We are sharing another hair retouching project created for a 2026 AHIA Creative finalist collection.
This four-image series has a more restrained and graphic feel than some of the larger collections we work on. The images use a controlled visual style, with moments of colour, shape and texture giving the collection its identity. It is not loud in every frame, but it has a clear creative direction.
That kind of work needs careful retouching. The final images must feel polished enough for award presentation, but they still need to keep their original mood and character.
Retouching for Award-Focused Hair Photography
Competition hair photography has its own demands.
The images need to work as strong photographs, but they also need to present the hair clearly. Shape, texture, colour and structure all matter. The retouching has to support those details without making the hair look flat, false or overworked.
For this AHIA Creative 2026 finalist collection, our role focused on detailed hair retouching, skin retouching, tonal control and final image preparation across the full series.
The aim was not to change the identity of the collection. It was to refine the images, clean distractions and help the final set feel complete.
Keeping a Four-Image Series Consistent
A shorter collection can be surprisingly demanding.
With only four images, every frame carries more weight. One image that feels too different in colour, contrast or finish can disturb the rhythm of the full series.
That means consistency becomes a central part of the retouching process.
The skin finish needs to feel connected across the images. Hair texture needs to stay believable. Colour and contrast need to hold together without becoming flat. Small distractions in the background, skin, clothing or hairline all need attention.
Good competition retouching should not make the viewer think about retouching. It should help the collection feel intentional.
Retouching Without Losing Character
This series has a slightly stylised, almost illustrative quality in places. That makes restraint important.
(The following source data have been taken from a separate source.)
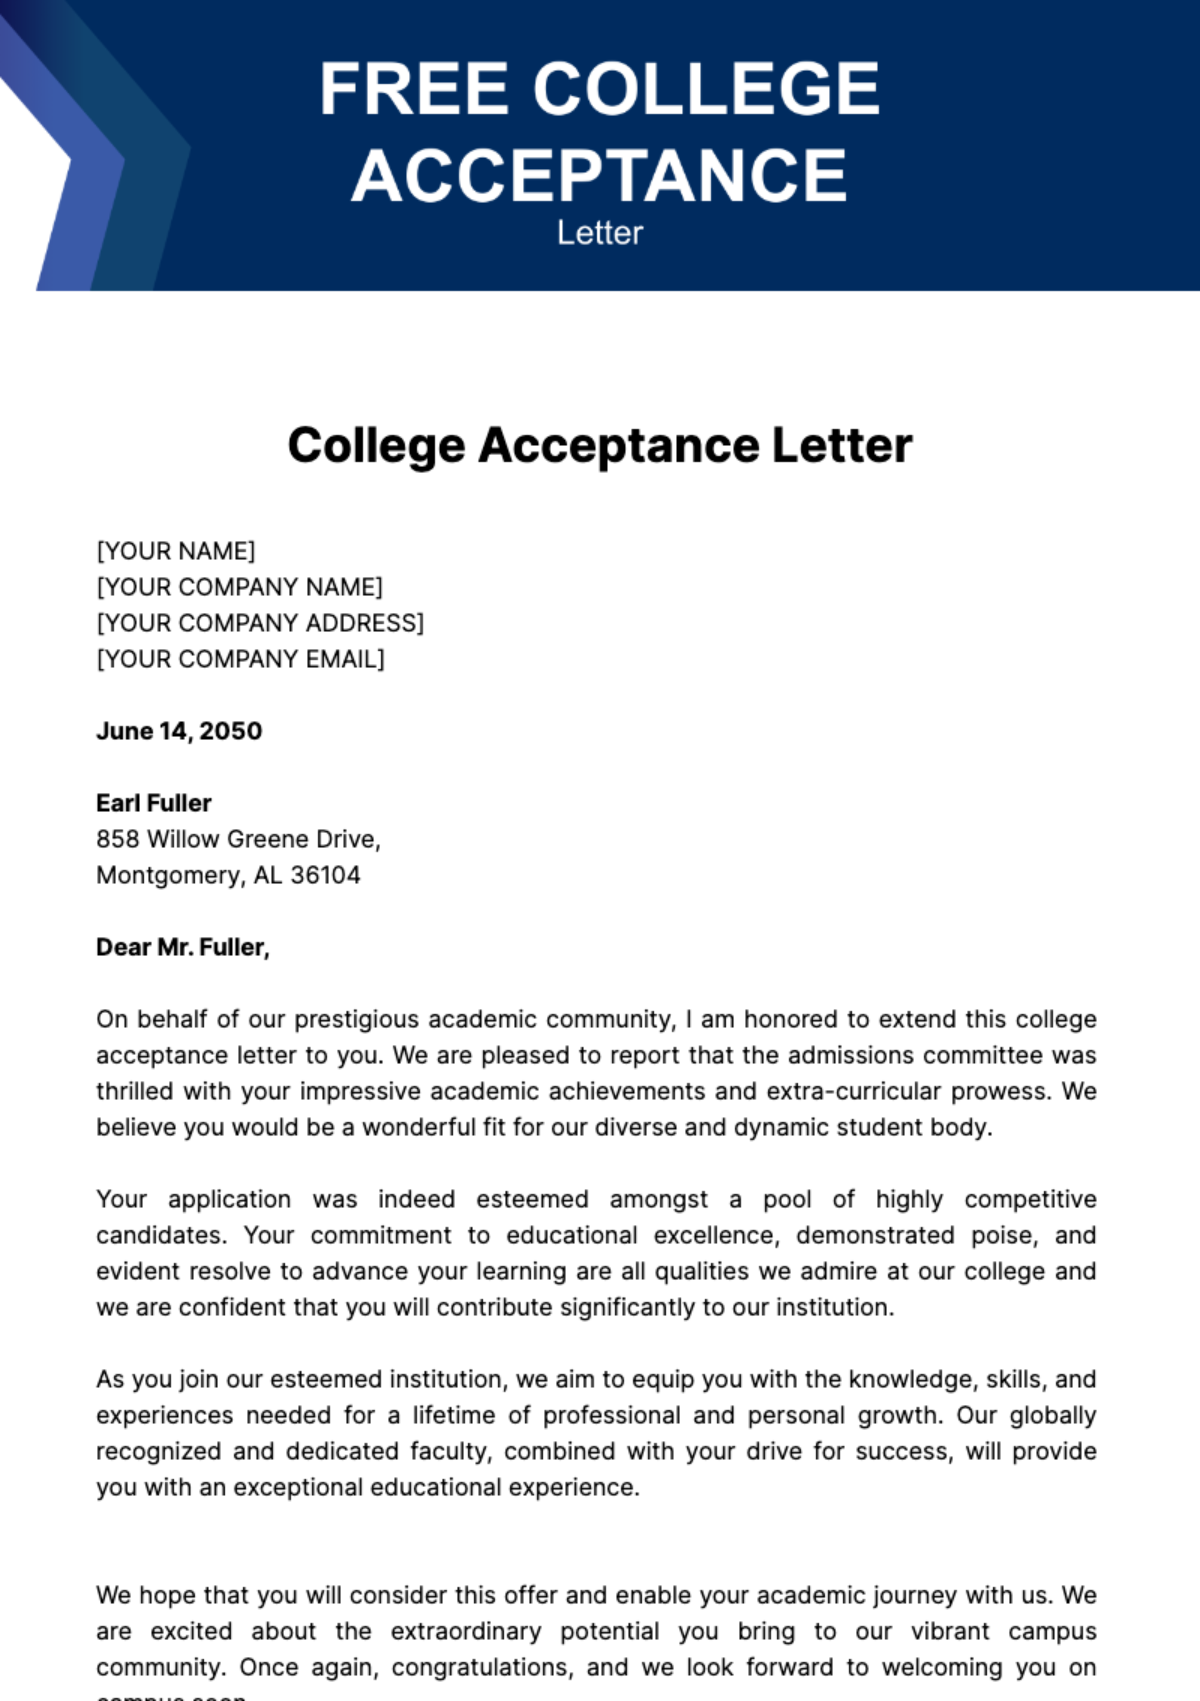 Free College Acceptance Letter template
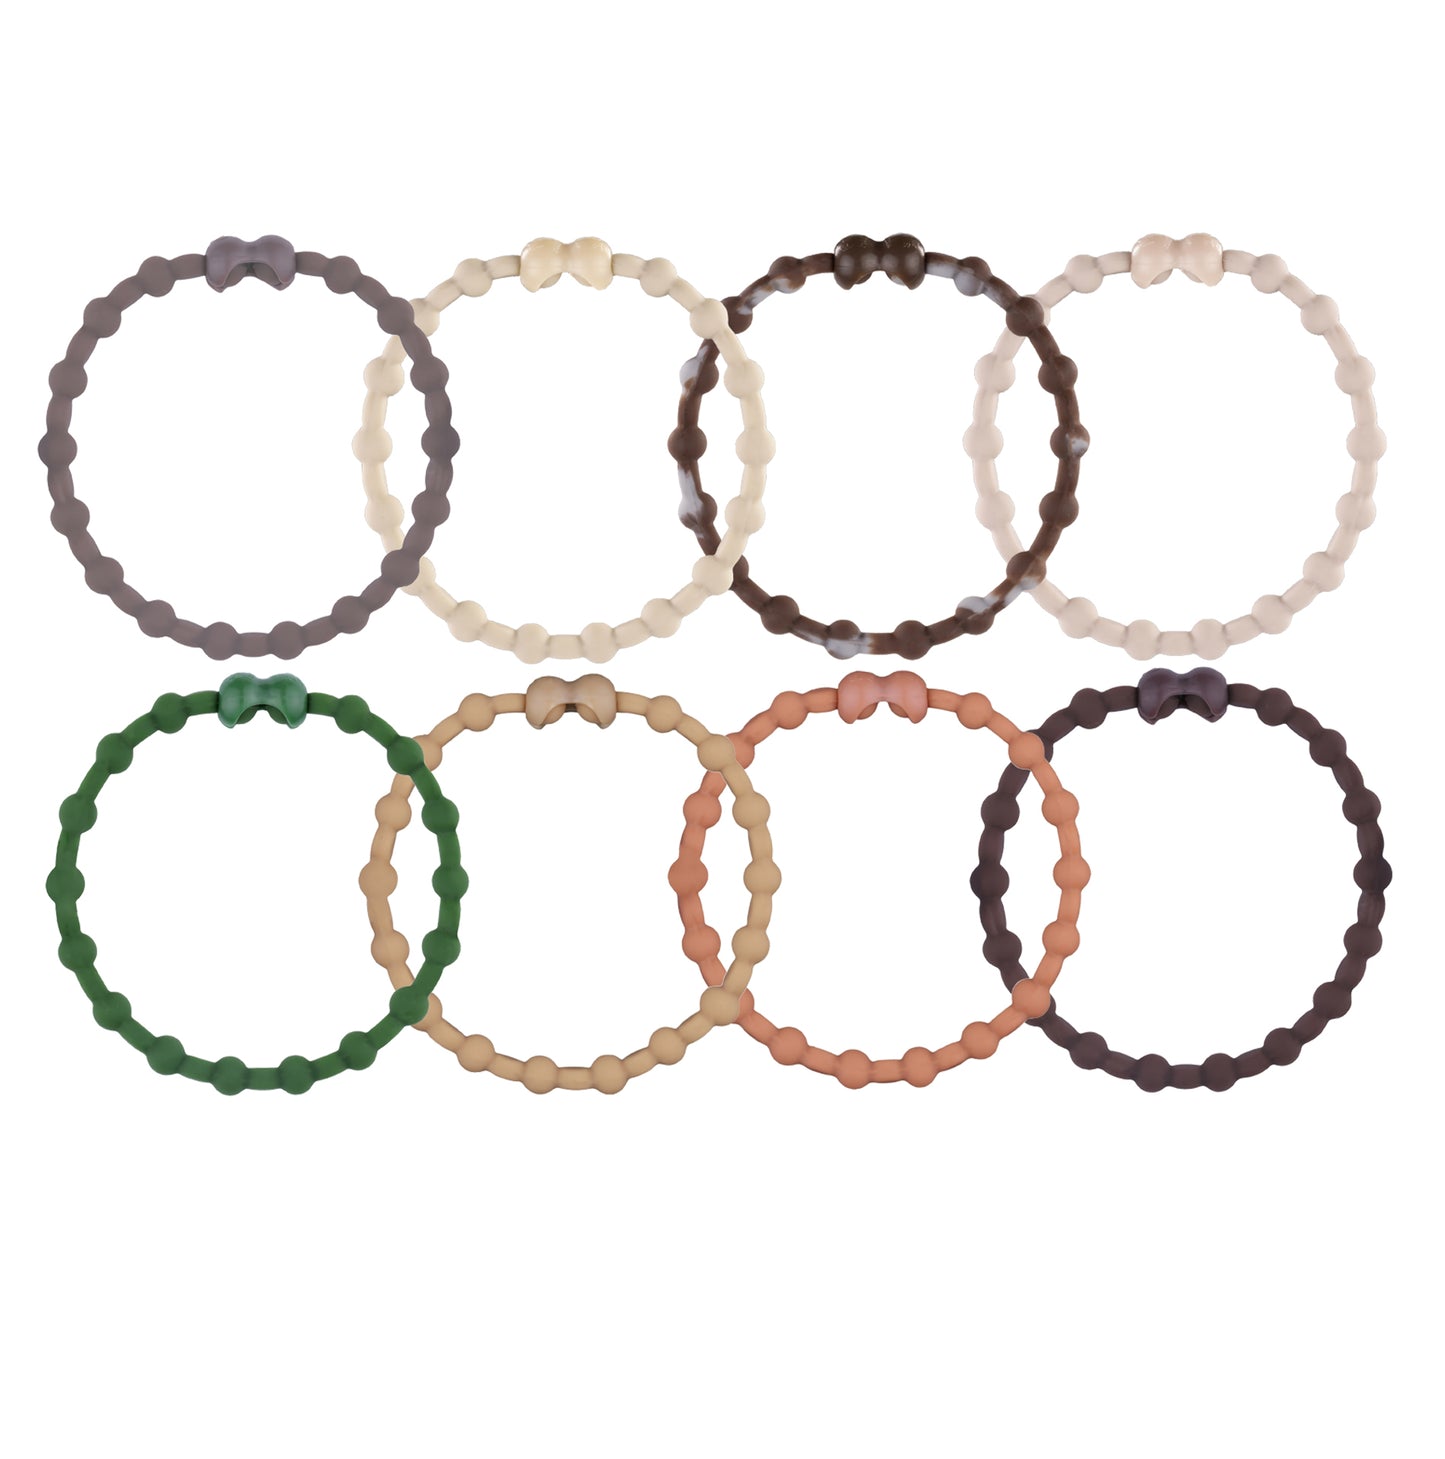 Desert Mirage Pack Hair Ties (8 Pack): Tame Your Mane and Conquer Workouts in Style
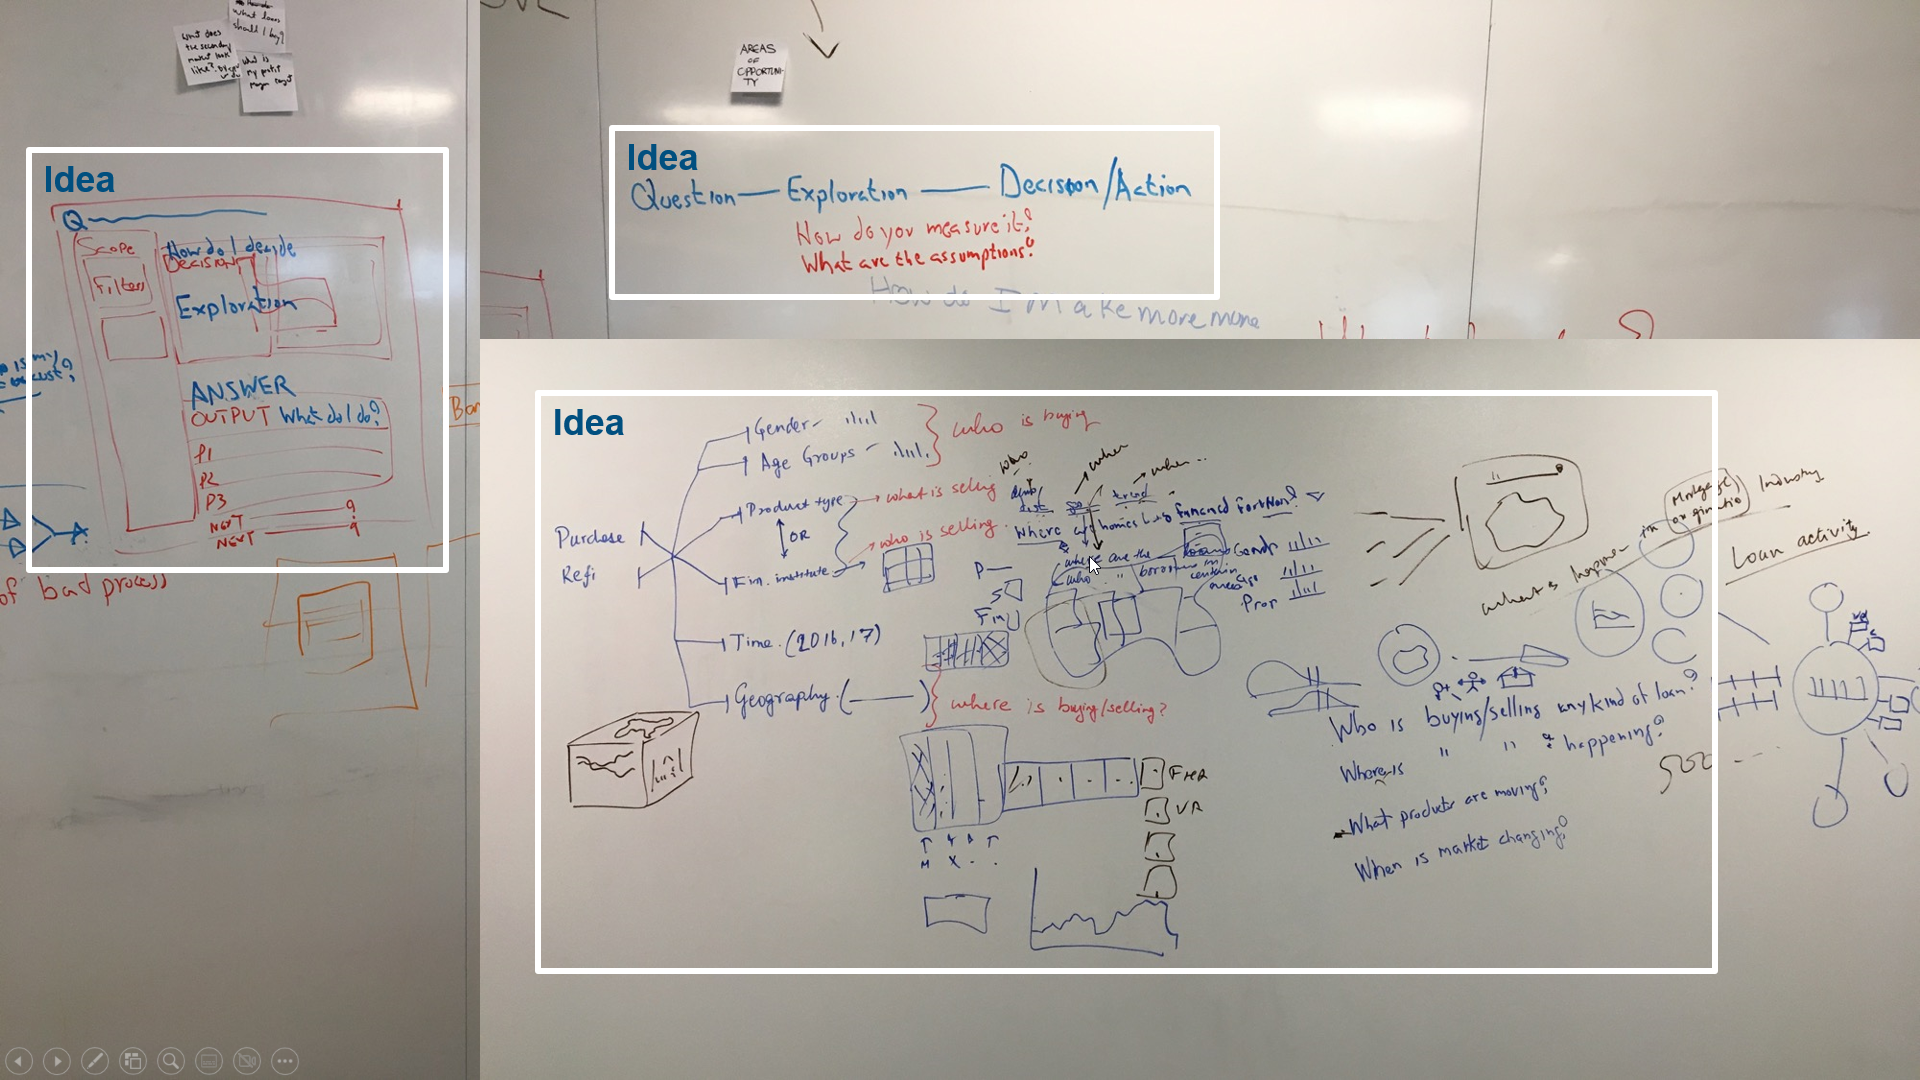 3 pictures of whiteboard with different ideas

If the retouching goes too far, the images can lose their edge. If it does not go far enough, the final collection can feel unfinished beside other award-level work.
Specialist hair retouching sits between those two points.
We refine flyaway hairs, shape edges, clean skin, control colour and polish the final image. At the same time, we protect the creative direction. The hair still needs to feel like hair. The styling still needs to feel deliberate. The image still needs to hold the energy of the original shoot.
That balance is one of the most important parts of professional hair retouching.
Specialist Hair Retouching for Competition Work
Hair retouching is different from general beauty retouching.
In beauty work, skin often becomes the main focus. In hair imagery, the hair is the subject. Skin, styling, background and colour all matter, but they have to support the hair rather than compete with it.
That changes the way the images need to be handled.
Shine, texture, shape and movement all need careful control. Retouching can easily make hair look too smooth or too artificial. It can also leave the image looking unfinished if the details are not handled properly.
Our work is about finding that balance. We clean what needs to be cleaned. We refine what needs to be refined. We help the final image reach a professional standard while keeping the hair work at the centre.
AHIA Creative 2026 Finalist Imagery
It is always a pleasure to work on imagery created for this level of presentation.
AHIA Creative finalist collections require a polished final result, but they also need respect for the craft behind the image. The retouching should support the hairdresser, the photographer and the wider creative direction without overpowering the work.
This collection is part of a wider body of Australian hair awards imagery we are adding to the studio portfolio and blog.
Each series has its own visual language. Some are bold and colourful. Some are clean and controlled. Some are more experimental. The role of the retouching changes with each project, but the aim stays the same: careful, detailed and considered post-production for professional hair photography.
This AHIA Creative 2026 finalist collection is another example of the award-focused hair retouching work created by the studio this year.